* What is needed
All lines in the records below from the line with "Star Trek The" through the line with "Bhutan Travel &" are to be given again exactly, both ends included; the pictures are to be left out.

* Supplied information

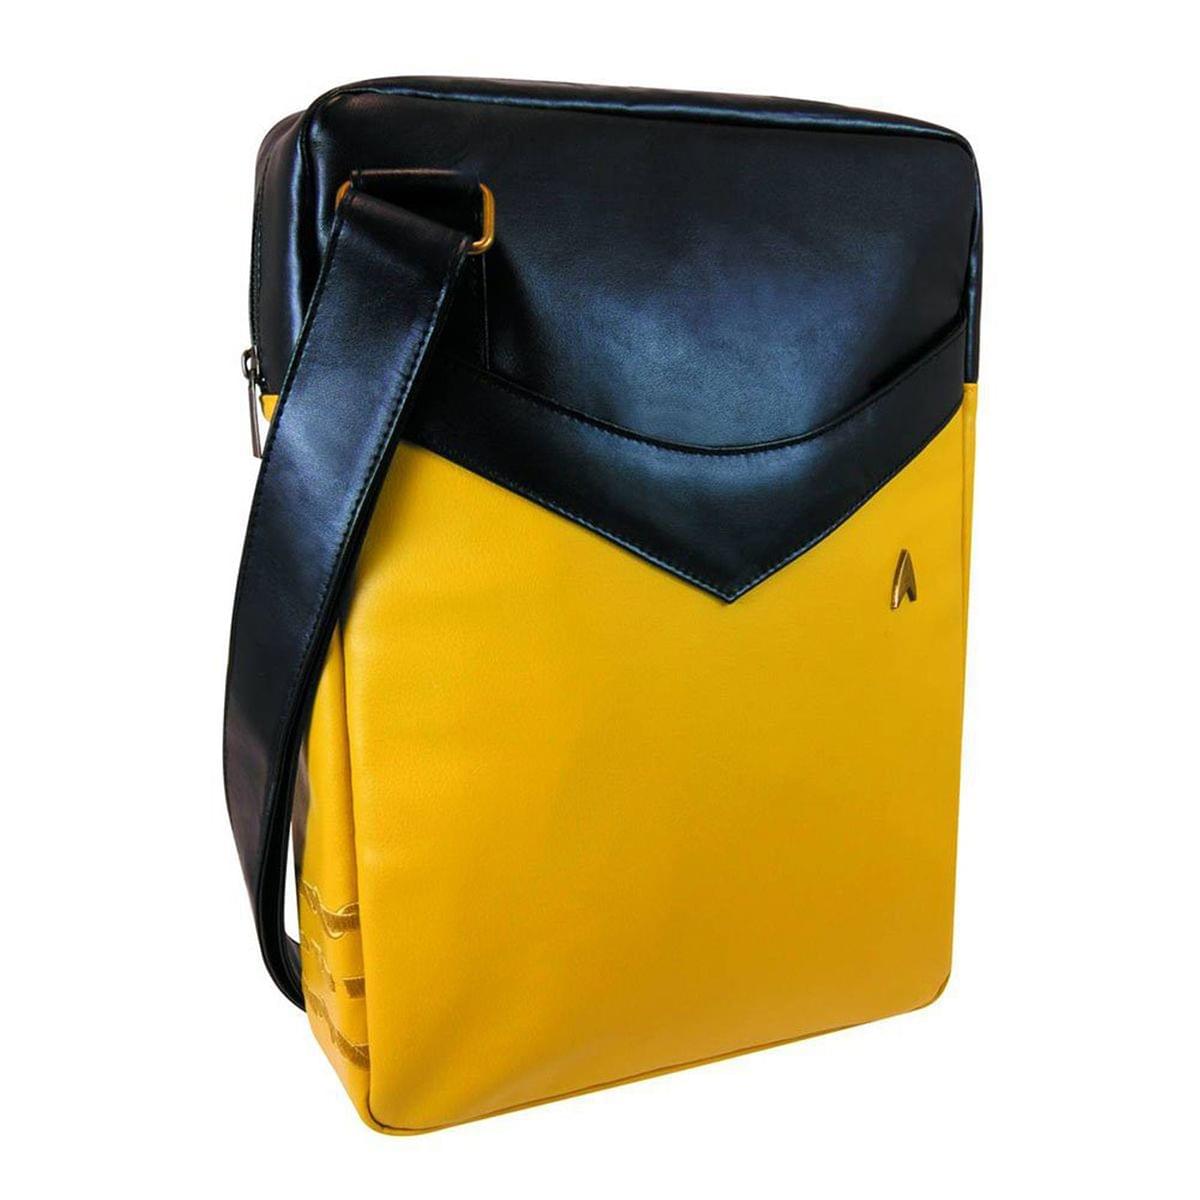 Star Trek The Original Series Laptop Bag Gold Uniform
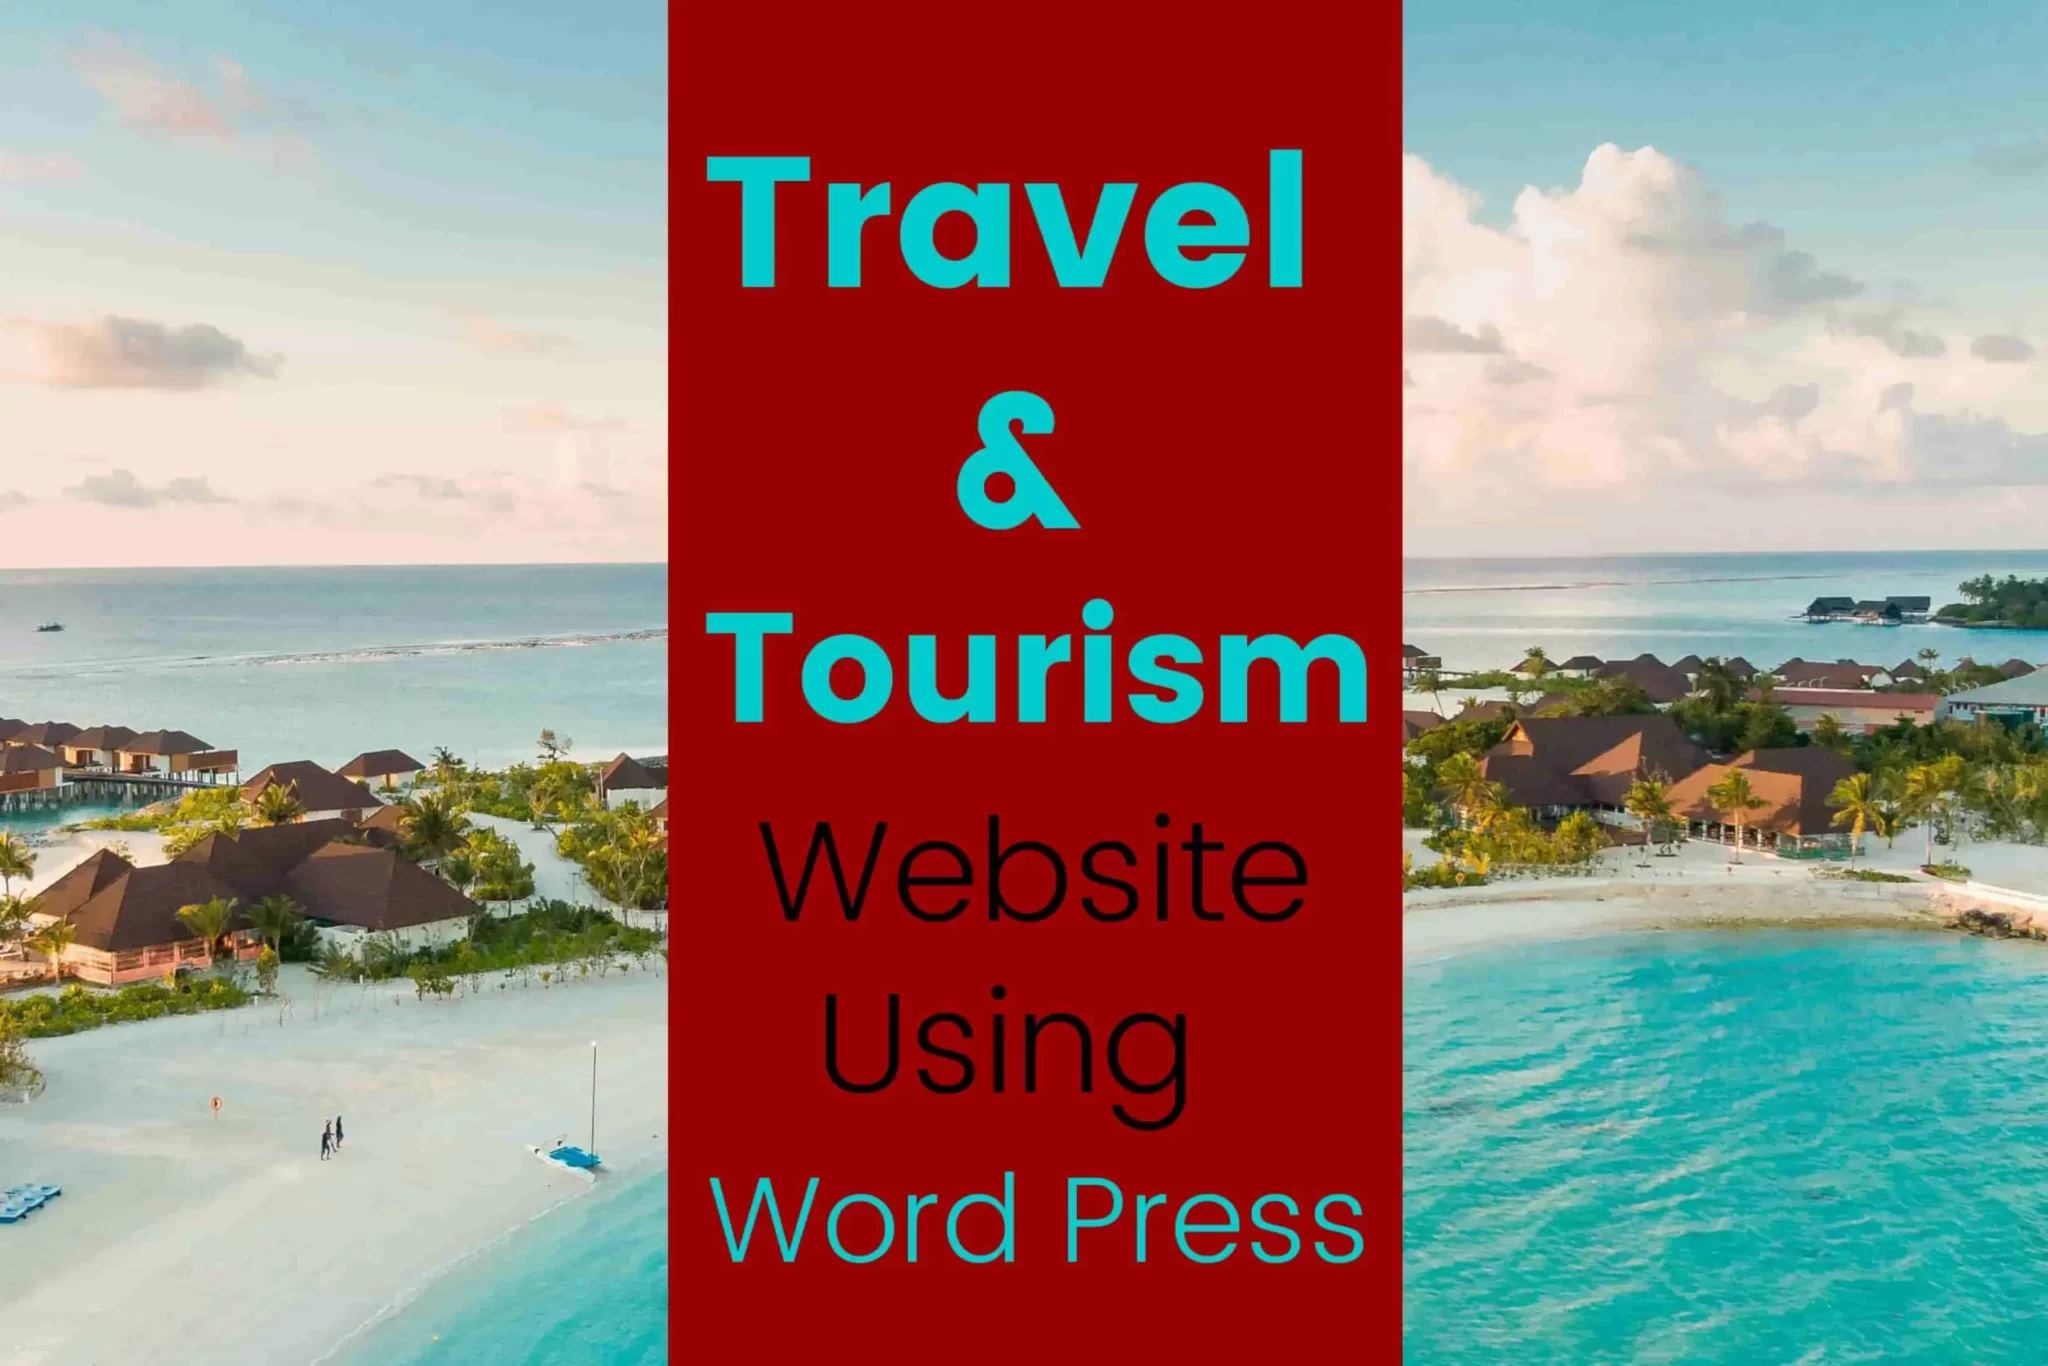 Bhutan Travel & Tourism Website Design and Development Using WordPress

* * *

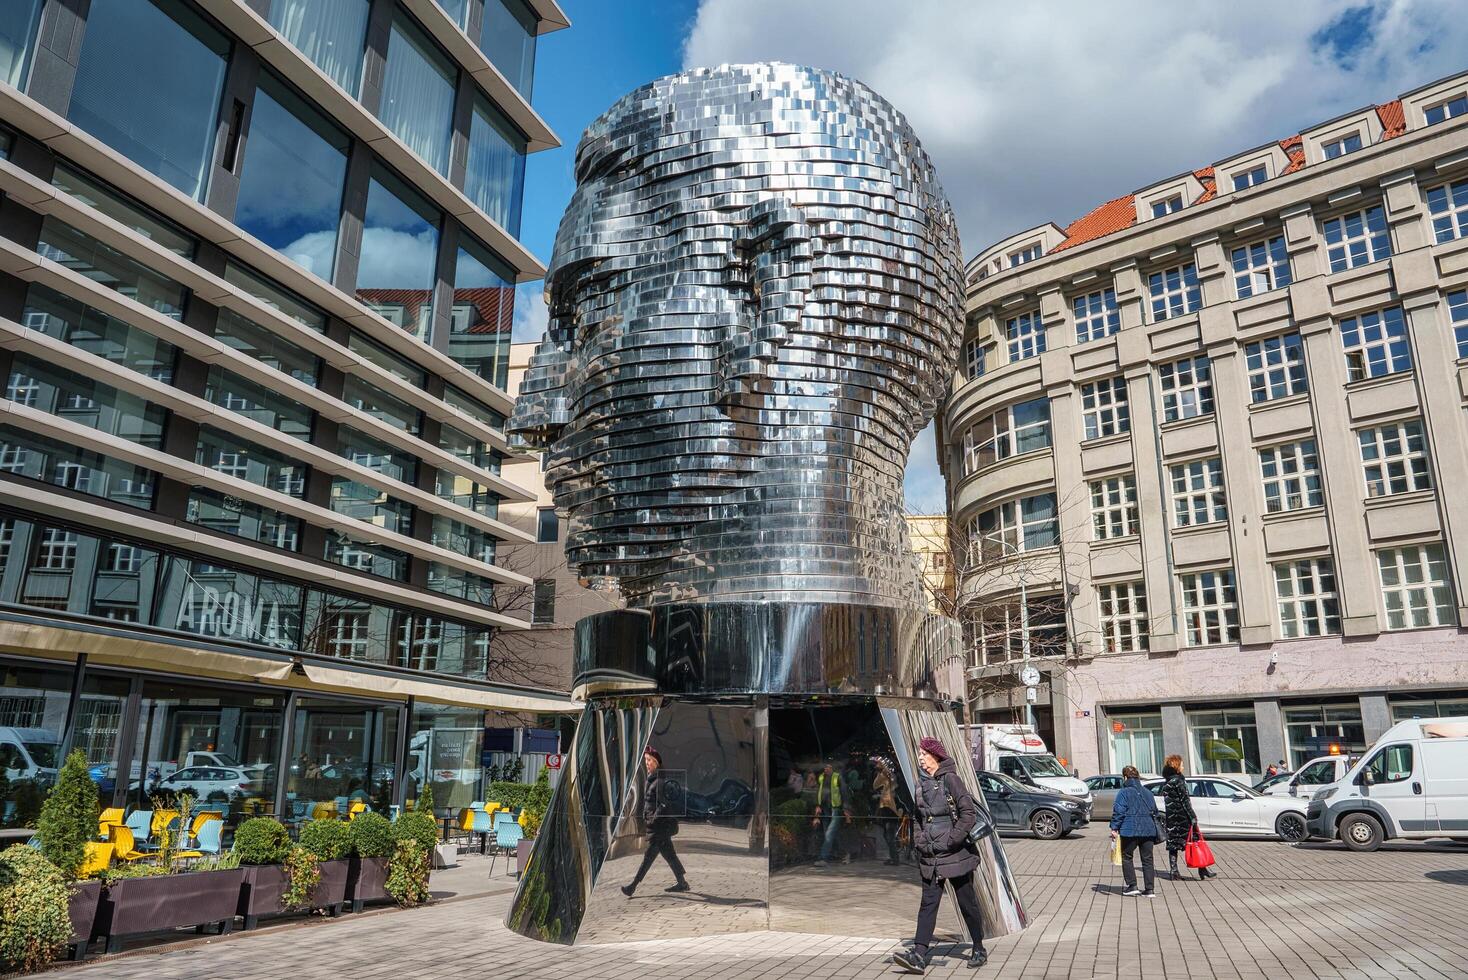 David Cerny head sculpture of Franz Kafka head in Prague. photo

* Exercise answer
 Star Trek The Original Series Laptop Bag Gold Uniform
 Bhutan Travel & Tourism Website Design and Development Using WordPress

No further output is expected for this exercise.